About this exercise:
Print the lines from the one containing "a buffalo at" through the end of the material below, both included, exactly as they appear and without pictures.

Source data:

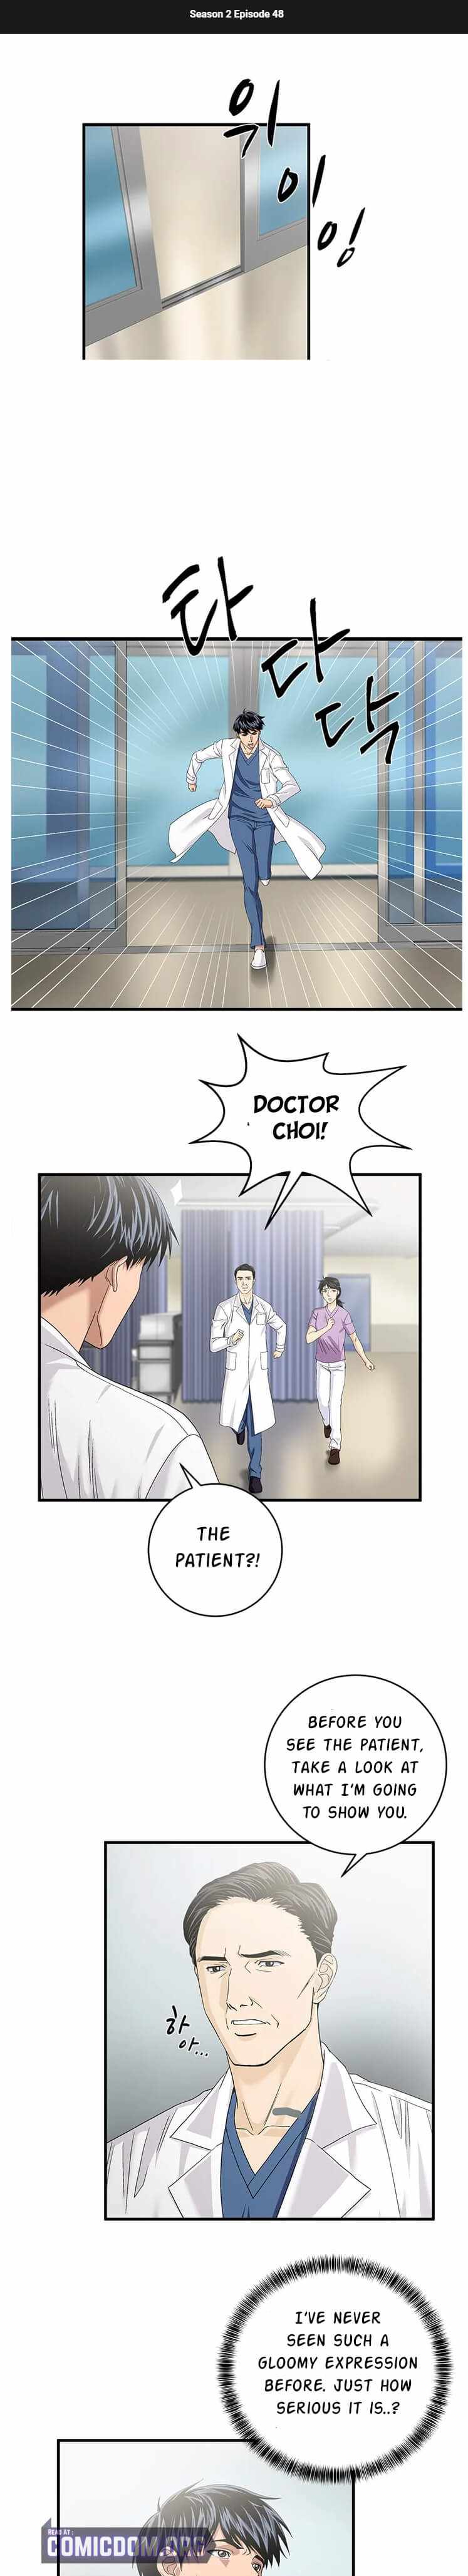 Dr. Choi Tae-Soo - Page 2
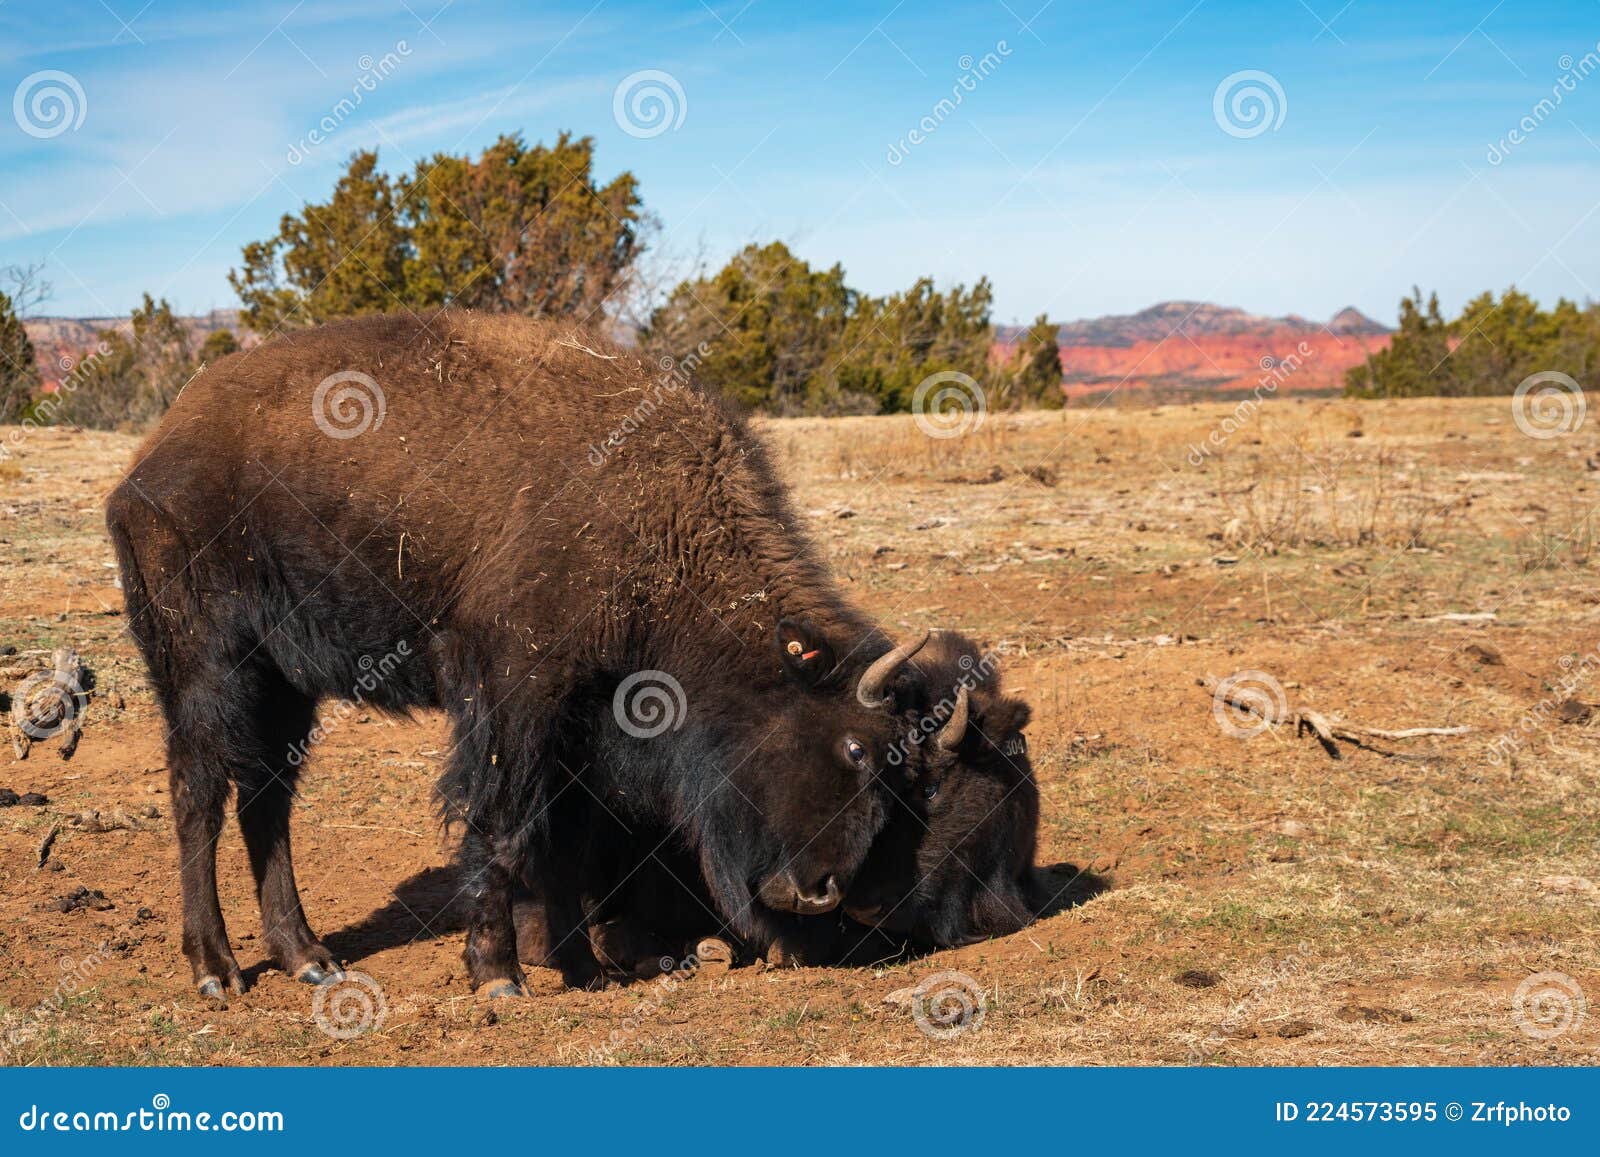 a buffalo at caprock canyons state park, texas
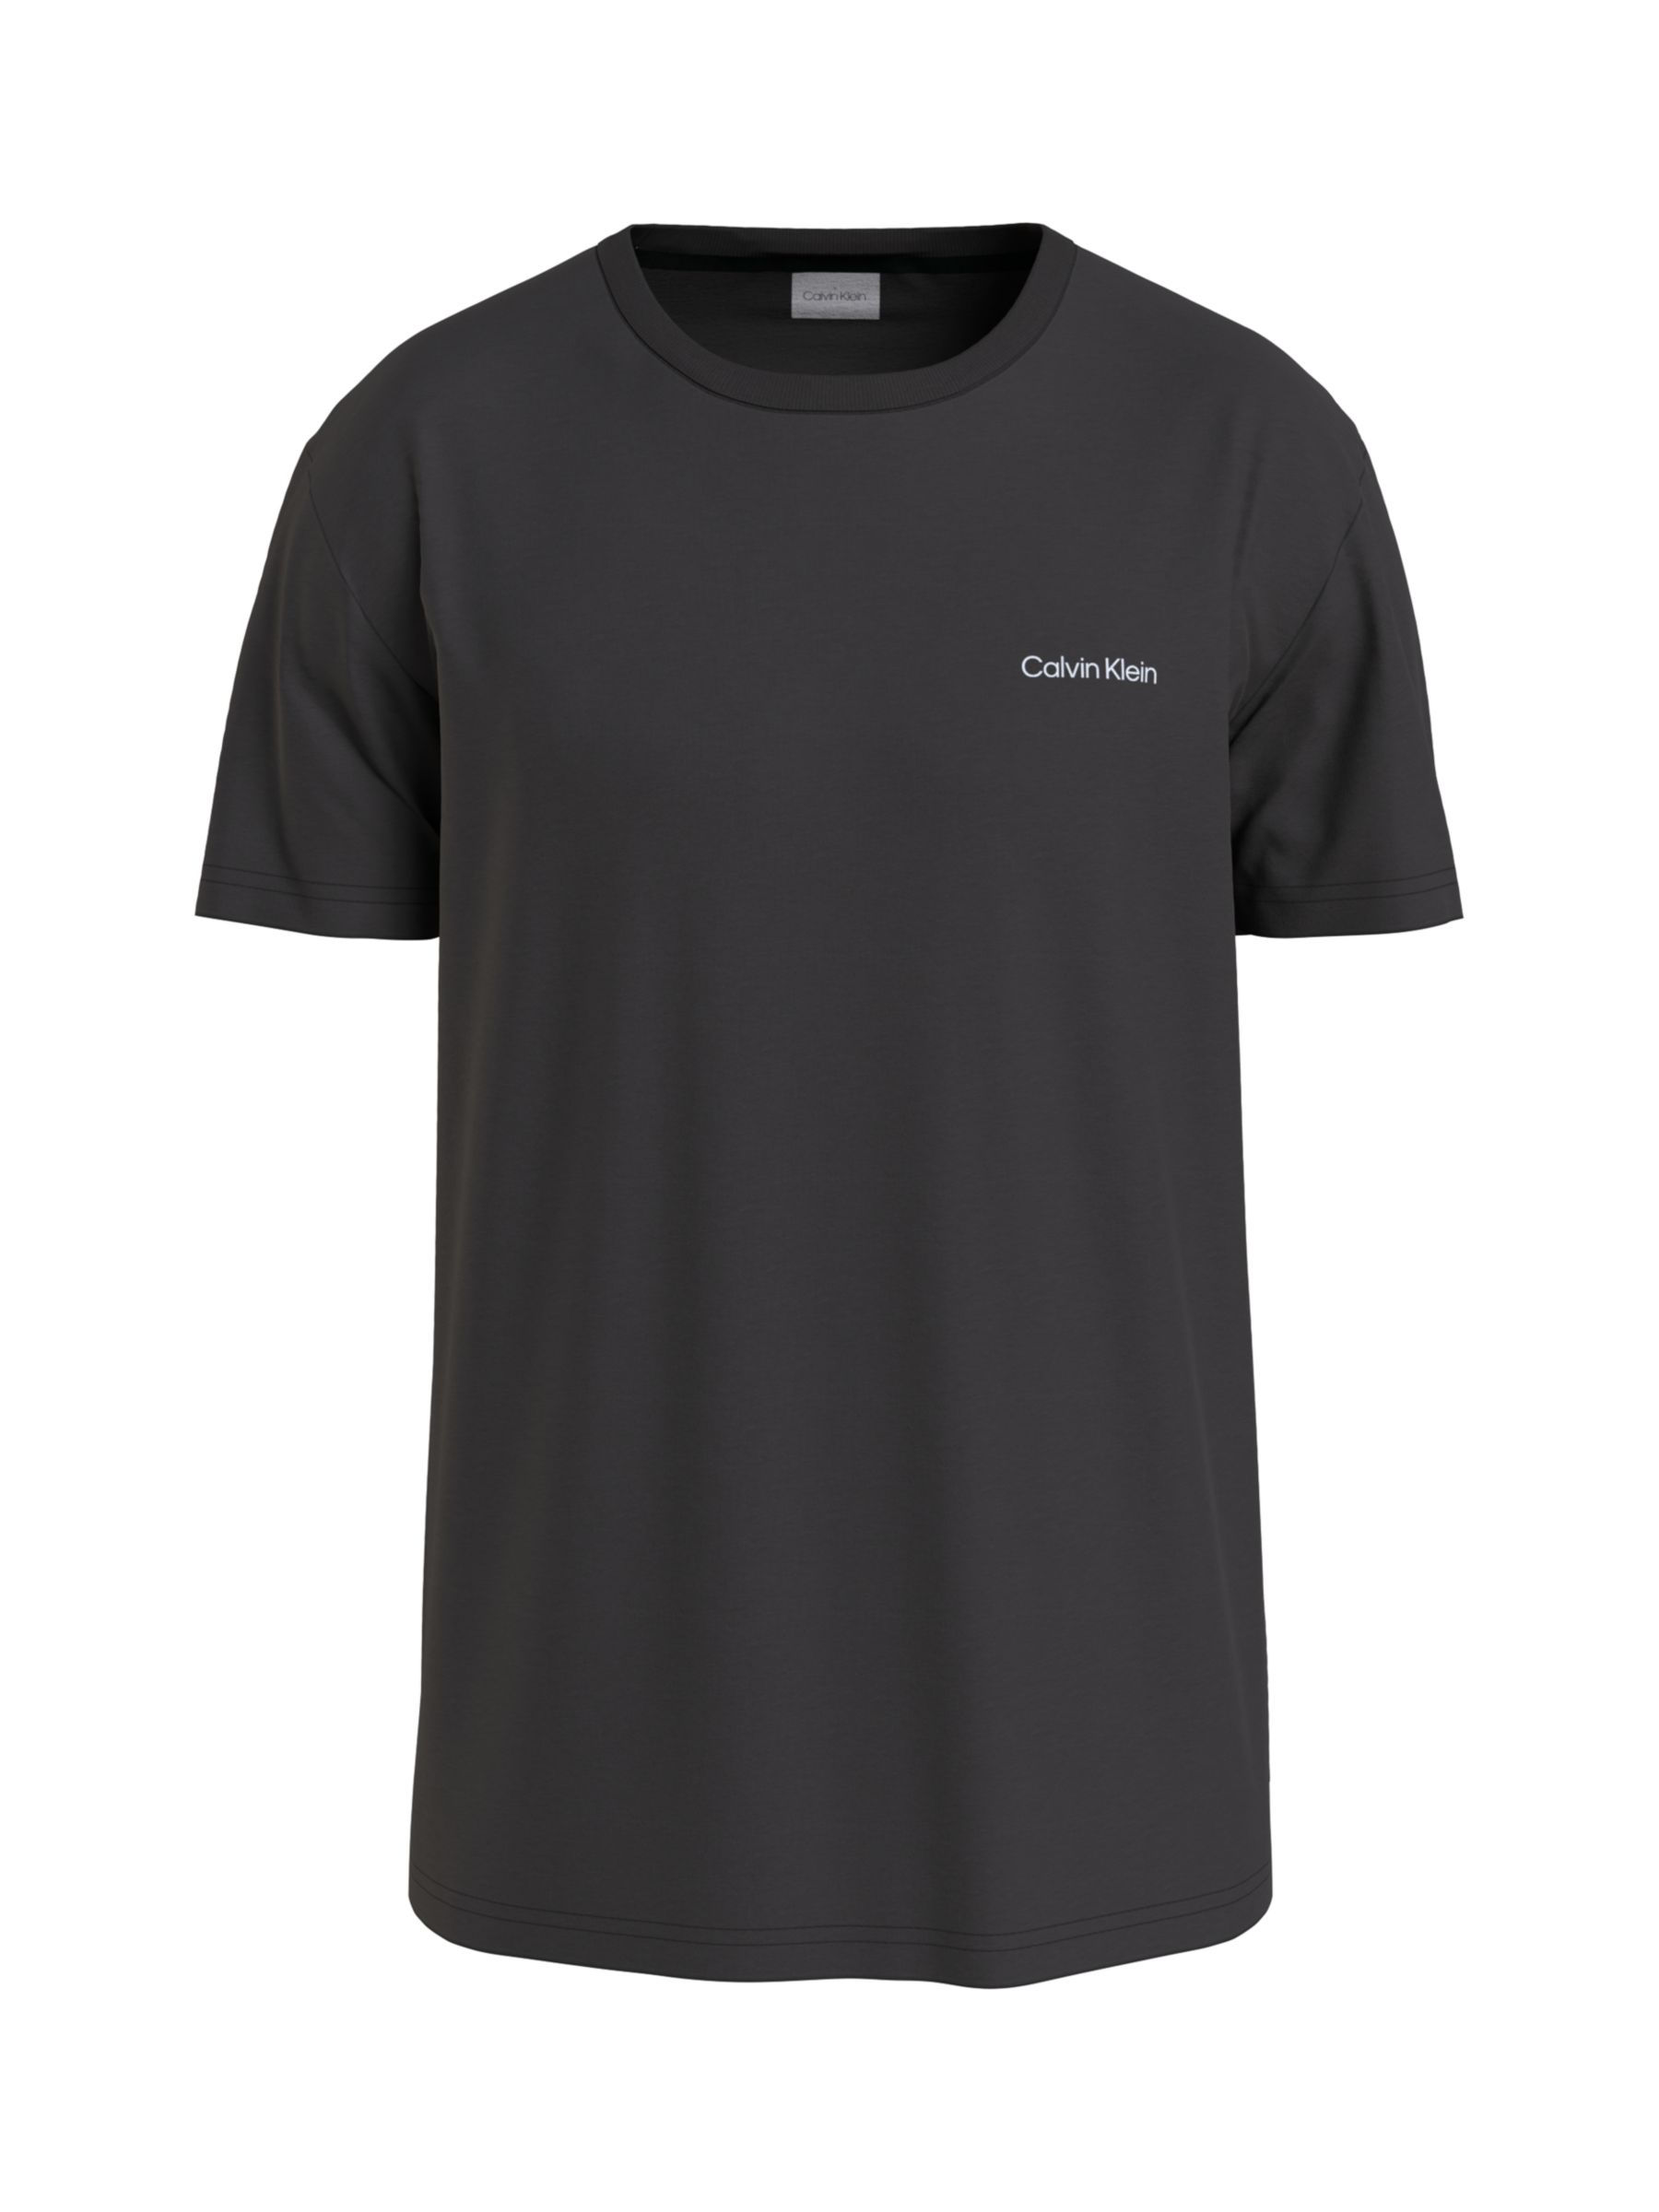 Calvin Klein Jeans Core Logo T-Shirt, Ck Black at John Lewis

Finished task:
 a buffalo at caprock canyons state park, texas
 Calvin Klein Jeans Core Logo T-Shirt, Ck Black at John Lewis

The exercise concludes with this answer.